[The problem]
The text of every record, exactly as given and with no pictures, should be your output.

========================================

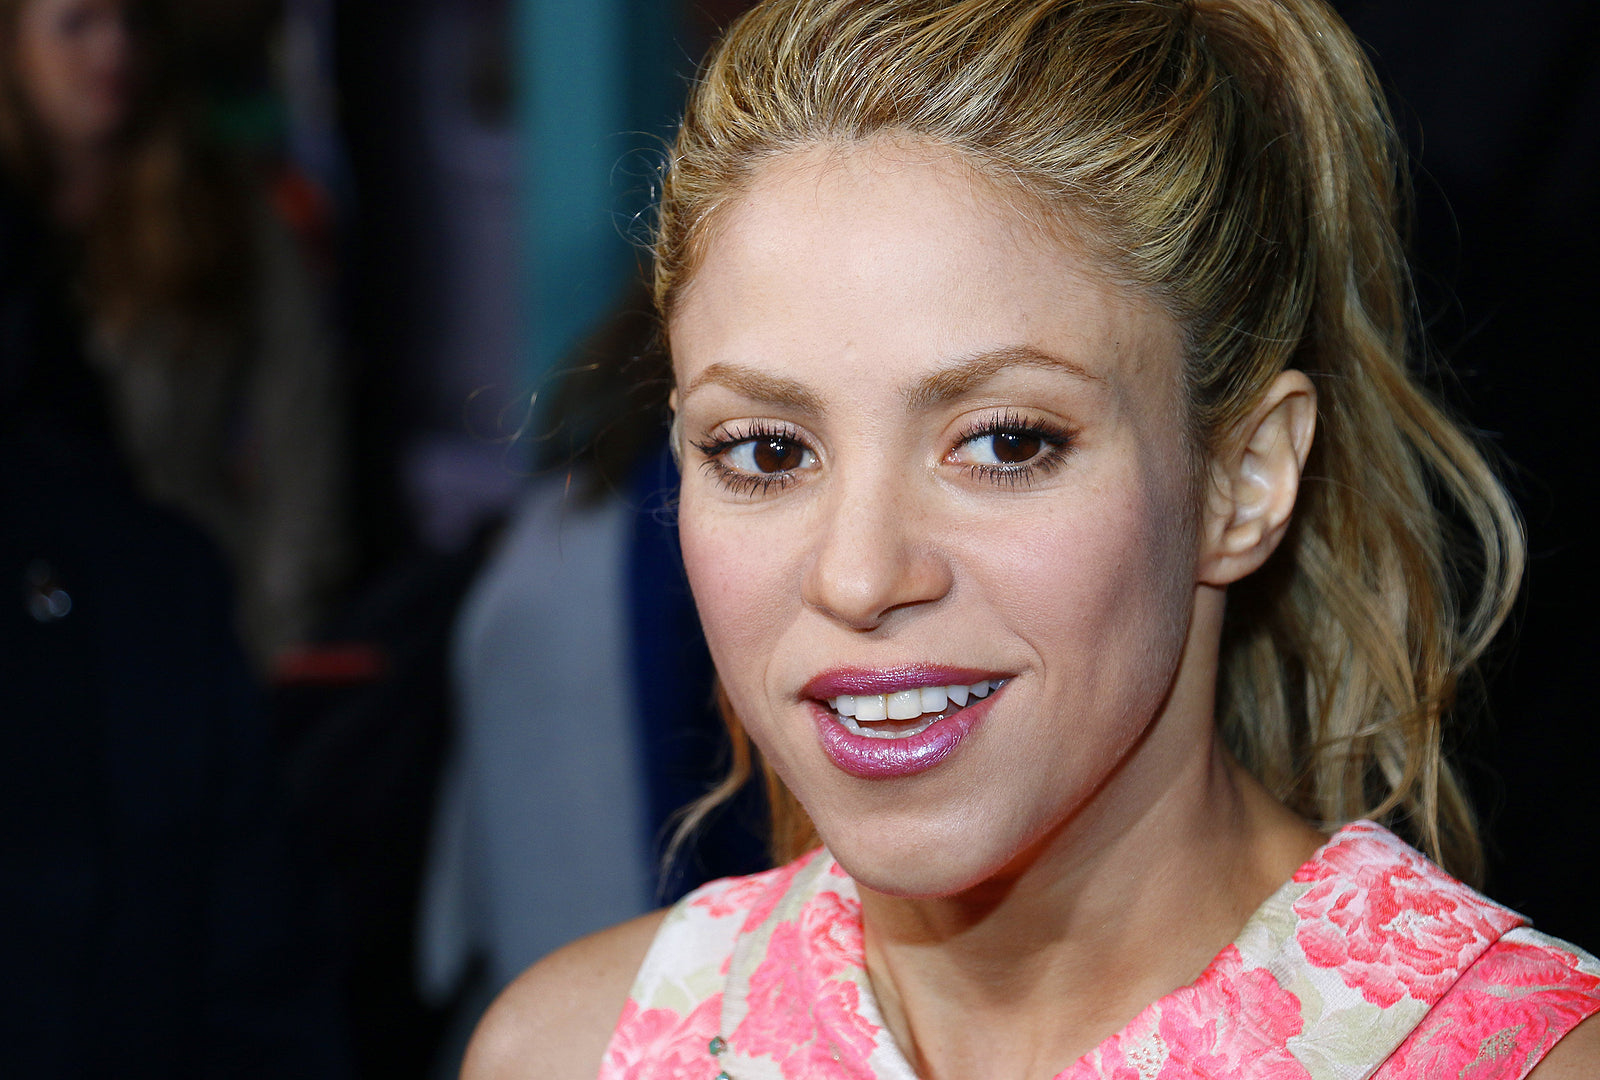 [Spain] Prosecutors recommend second Shakira tax investigation be thrown out
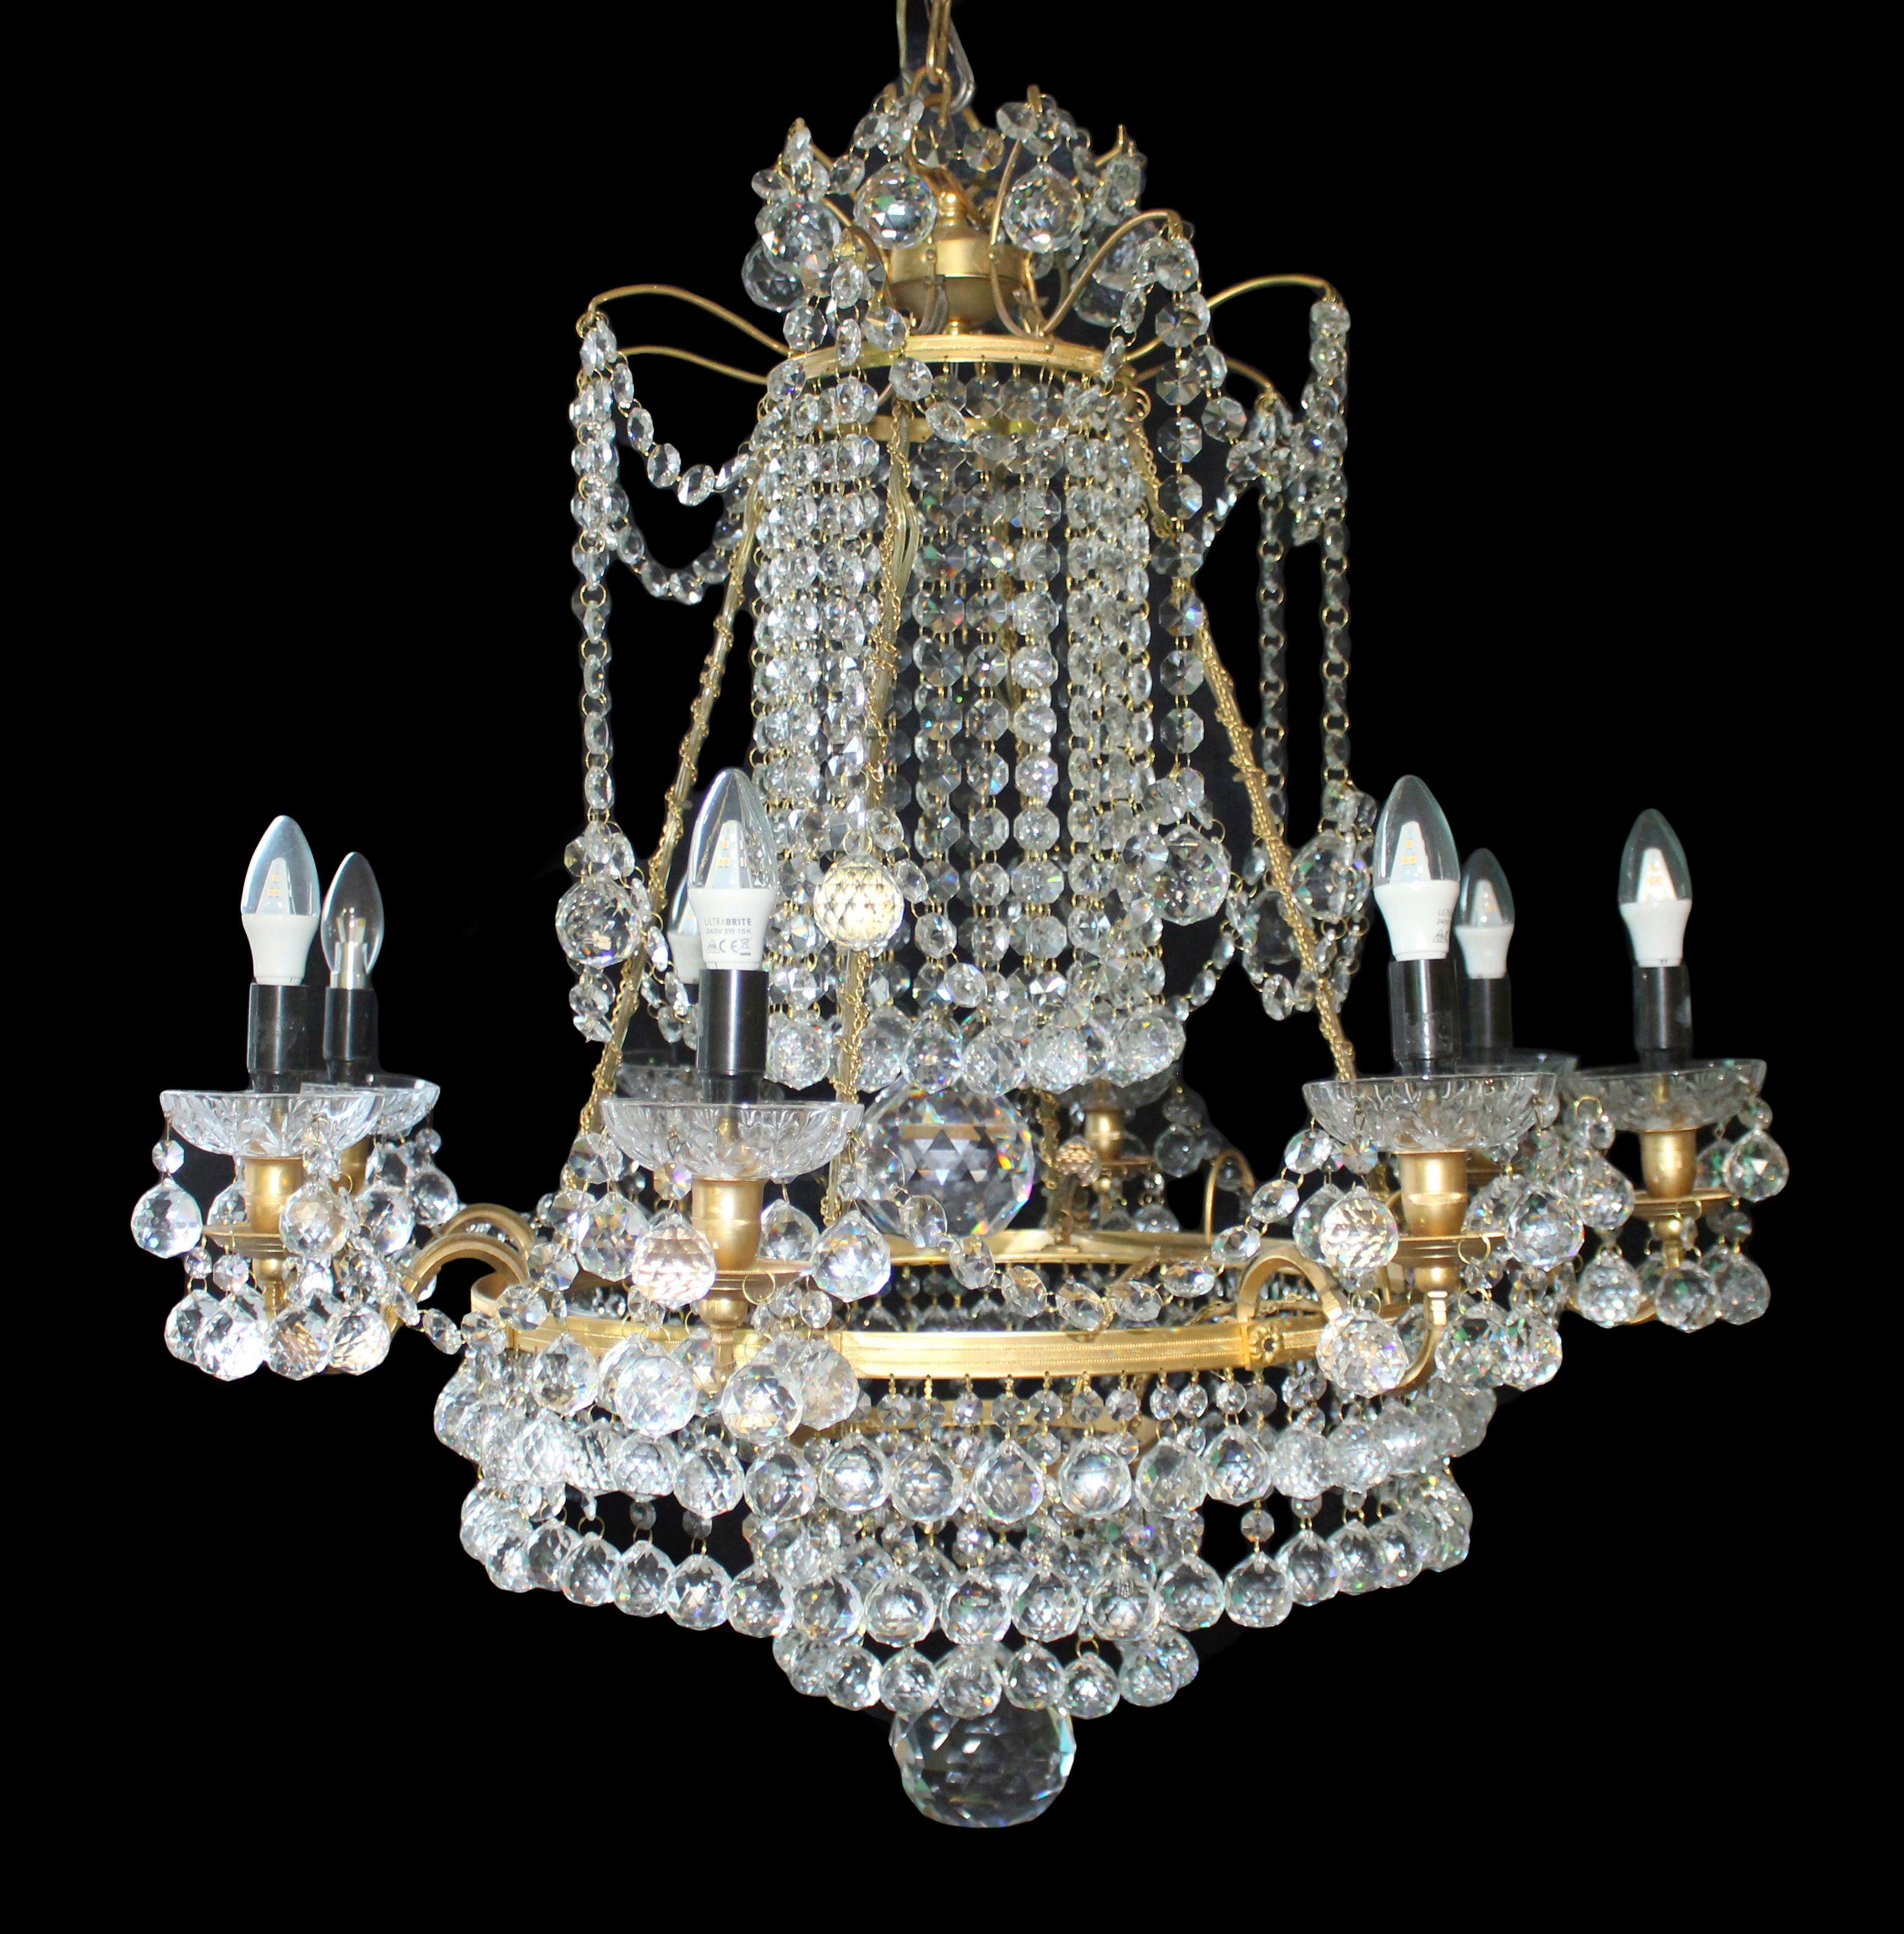 Period late 20th c., purchased in New York

Composition Heavy gilt metal frame. Profusely dressed in high quality crystal lustres with crystal sconces. Magnificent large crystal balls to the middle and bottom

Measures: Width 85 cm / 33 1/2
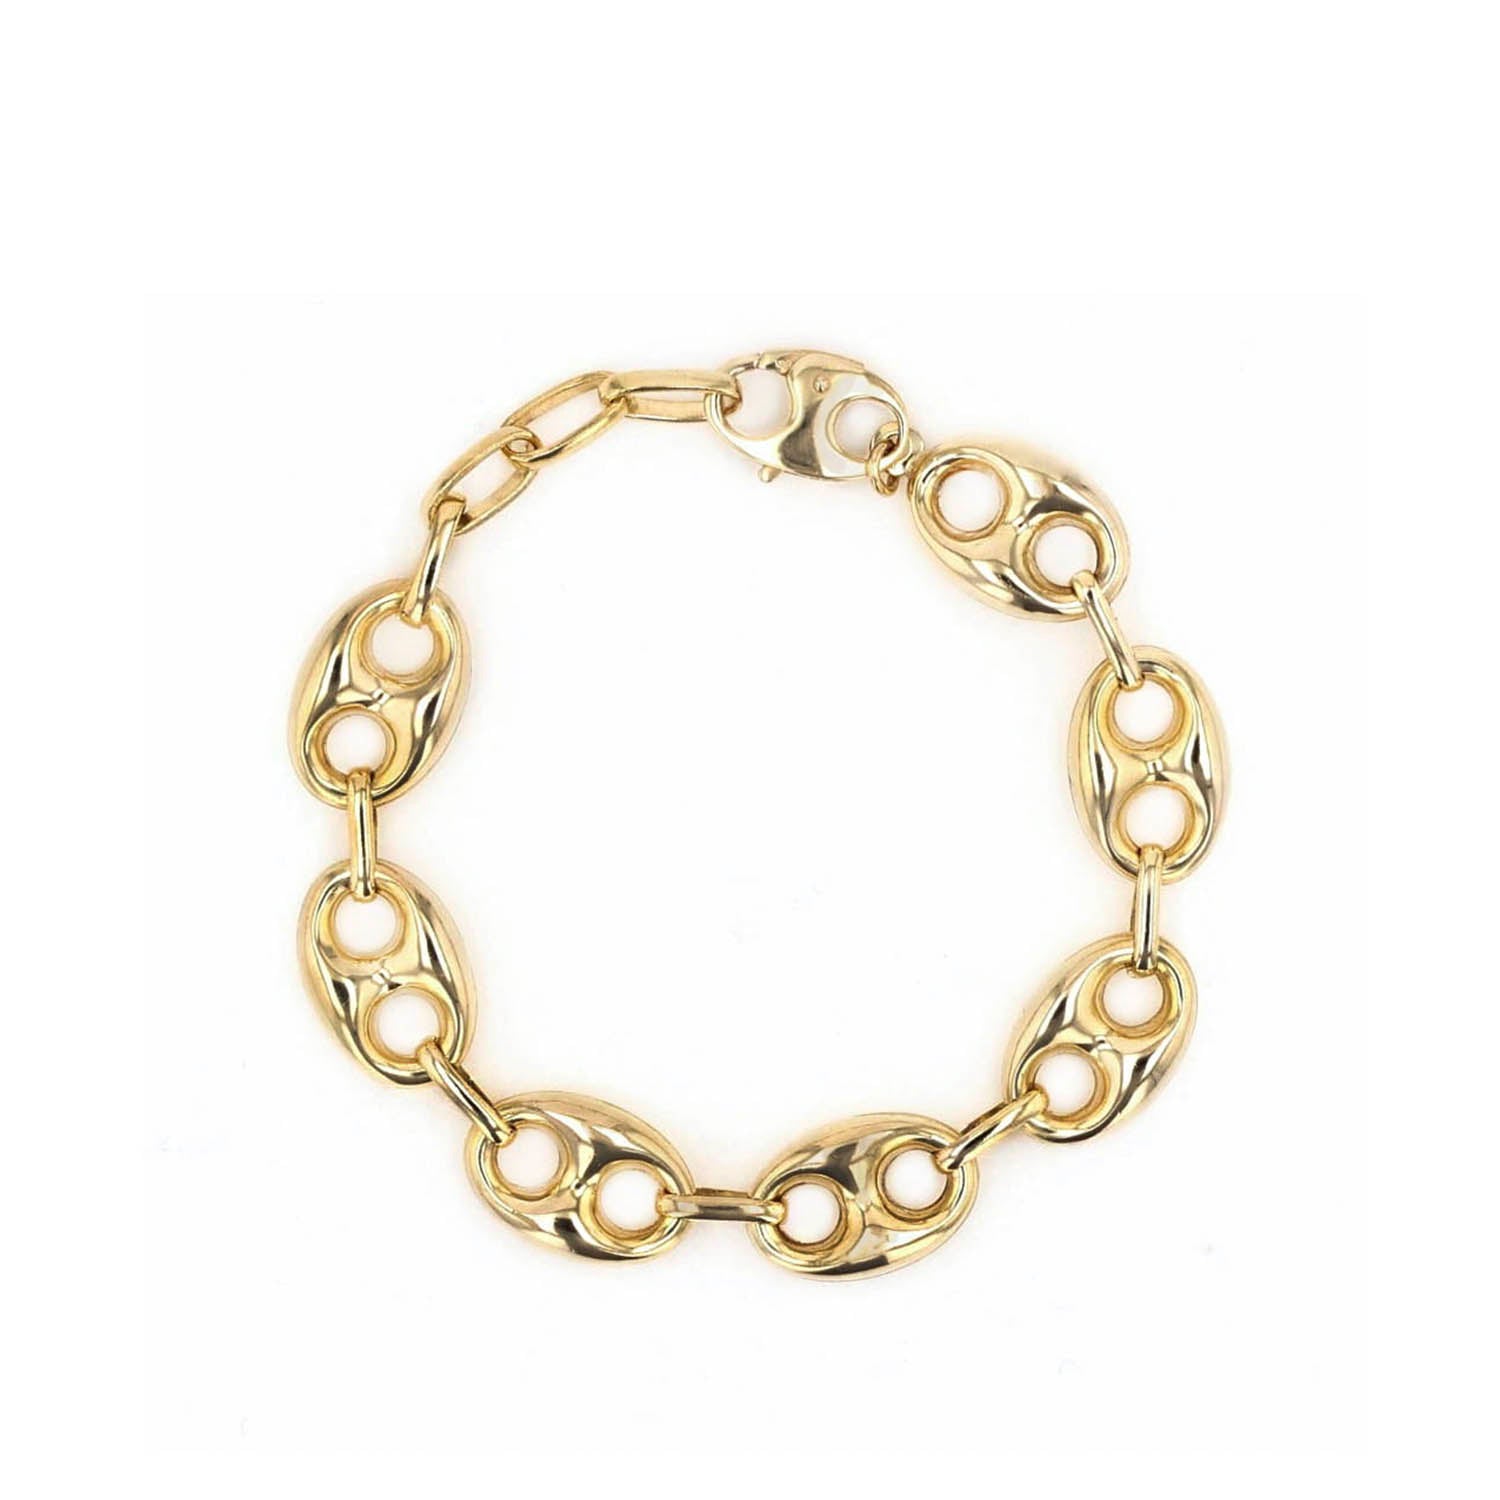 Amazon.com: Bling Jewelry Fashion Statement Chunky Texture Large Oval  Interlocking Link Chain Matt Gold Plated Bracelet For Women Toggle Clasp  Closure: Clothing, Shoes & Jewelry

========================================

[Response box]
 [Spain] Prosecutors recommend second Shakira tax investigation be thrown out
 Period late 20th c., purchased in New York

Composition Heavy gilt metal frame. Profusely dressed in high quality crystal lustres with crystal sconces. Magnificent large crystal balls to the middle and bottom

Measures: Width 85 cm / 33 1/2
 Amazon.com: Bling Jewelry Fashion Statement Chunky Texture Large Oval  Interlocking Link Chain Matt Gold Plated Bracelet For Women Toggle Clasp  Closure: Clothing, Shoes & Jewelry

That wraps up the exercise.